A new study published in the journal "Frontiers in Physiology" offers a new hypothesis that may help to explain how marine mammals are able to avoid the bends. The study, conducted by researchers from the University of California, San Diego, suggests that marine mammals may use a process called "denitrogenation" to reduce the amount of nitrogen in their tissues before diving. This process involves exhaling carbon dioxide, which in turn causes the body to release nitrogen.
When a marine mammal dives, the pressure of the water increases, which causes the nitrogen in the body's tissues to dissolve into the bloodstream. This can lead to decompression sickness if the marine mammal ascends too quickly, as the nitrogen bubbles can form in the body and cause tissue damage. By reducing the amount of nitrogen in the body before diving, marine mammals may be able to reduce the risk of decompression sickness.

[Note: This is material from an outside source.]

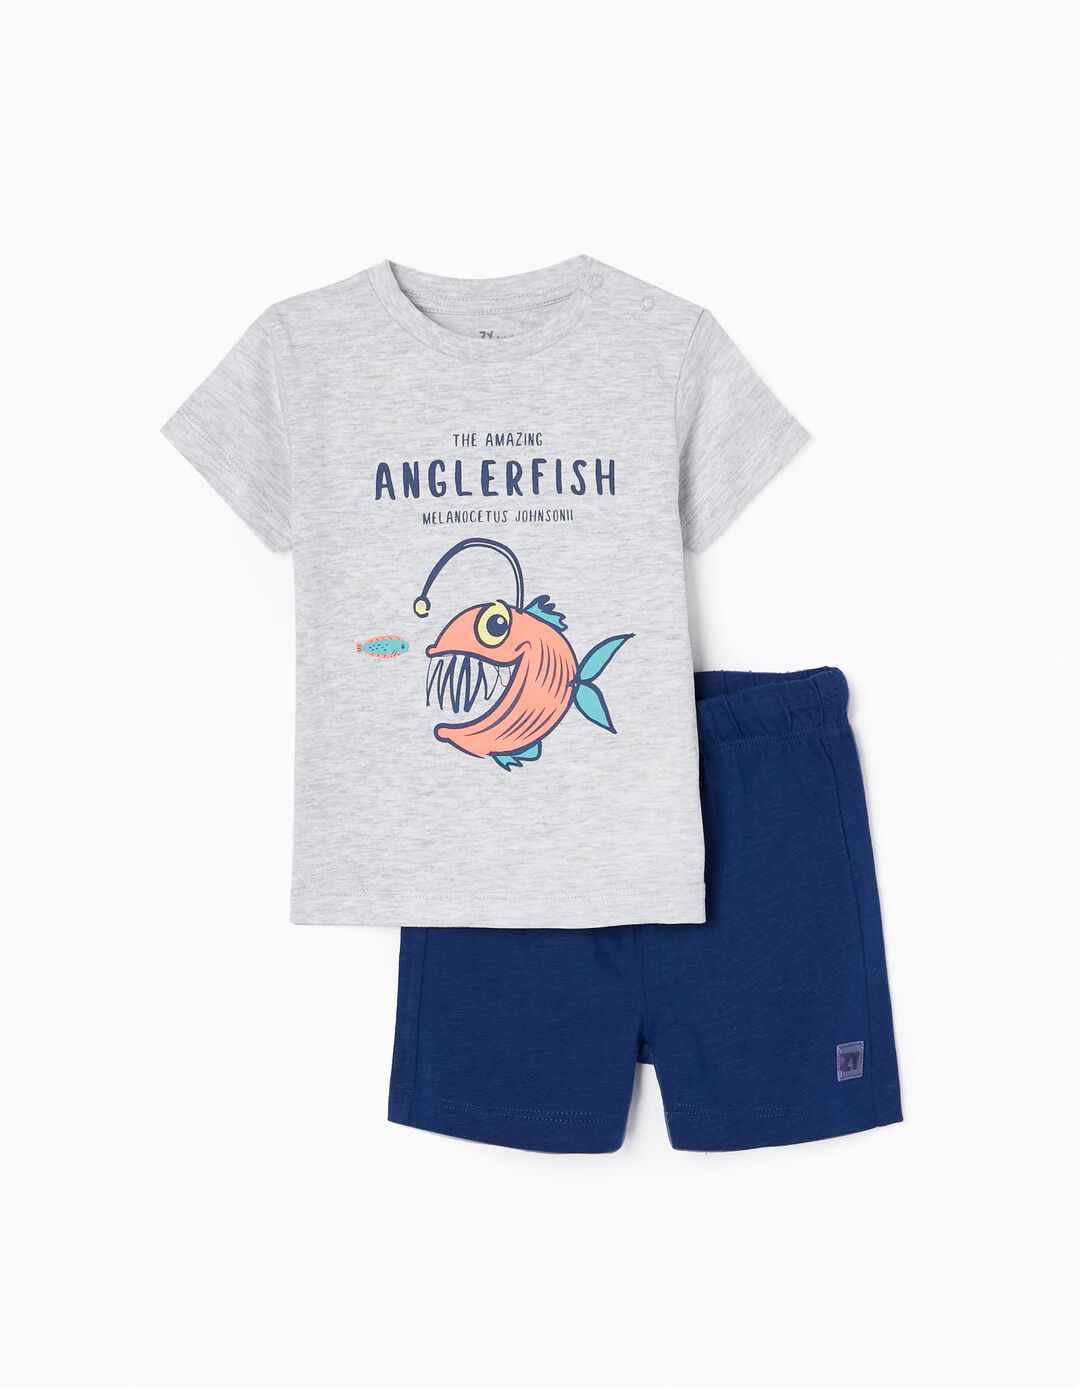 T-shirt + Calções em Algodão para Bebé Menino 'Tamboril', Cinza/Azul Escuro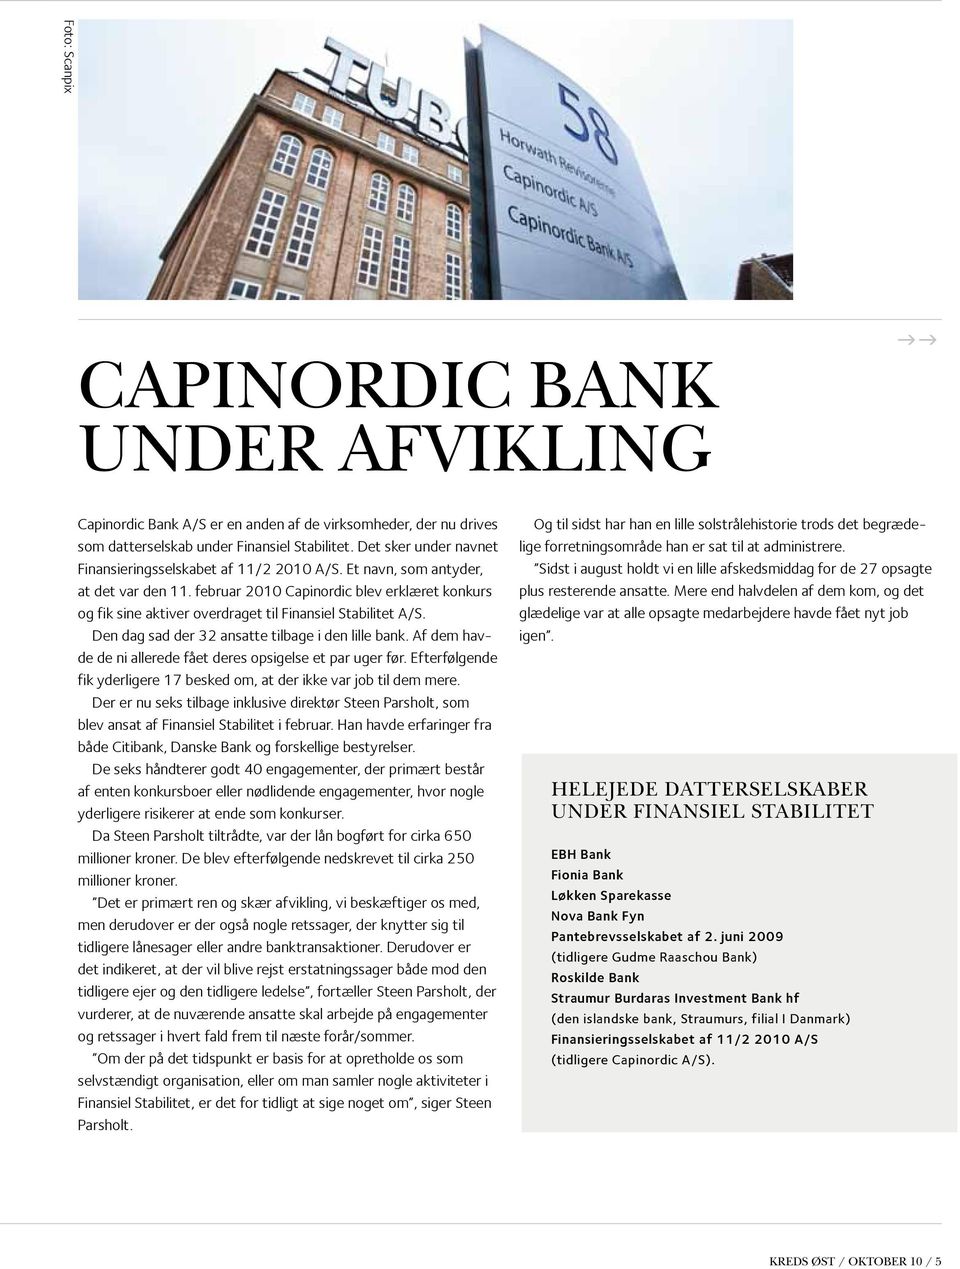 februar 2010 Capinordic blev erklæret konkurs og fik sine aktiver overdraget til Finansiel Stabilitet A/S. Den dag sad der 32 ansatte tilbage i den lille bank.

The study also highlights the potential role that sonar plays in marine mammal strandings. Sonar is a technology that uses sound waves to detect objects underwater. When sonar is used at high frequencies, it can produce loud noises that can cause marine mammals to panic and ascend too quickly, which can lead to decompression sickness.
The researchers suggest that further research is needed to better understand how marine mammals avoid the bends and the potential role that sonar plays in marine mammal strandings. This information could help to develop strategies to reduce the risk of decompression sickness in marine mammals and to mitigate the impacts of sonar on marine mammal populations.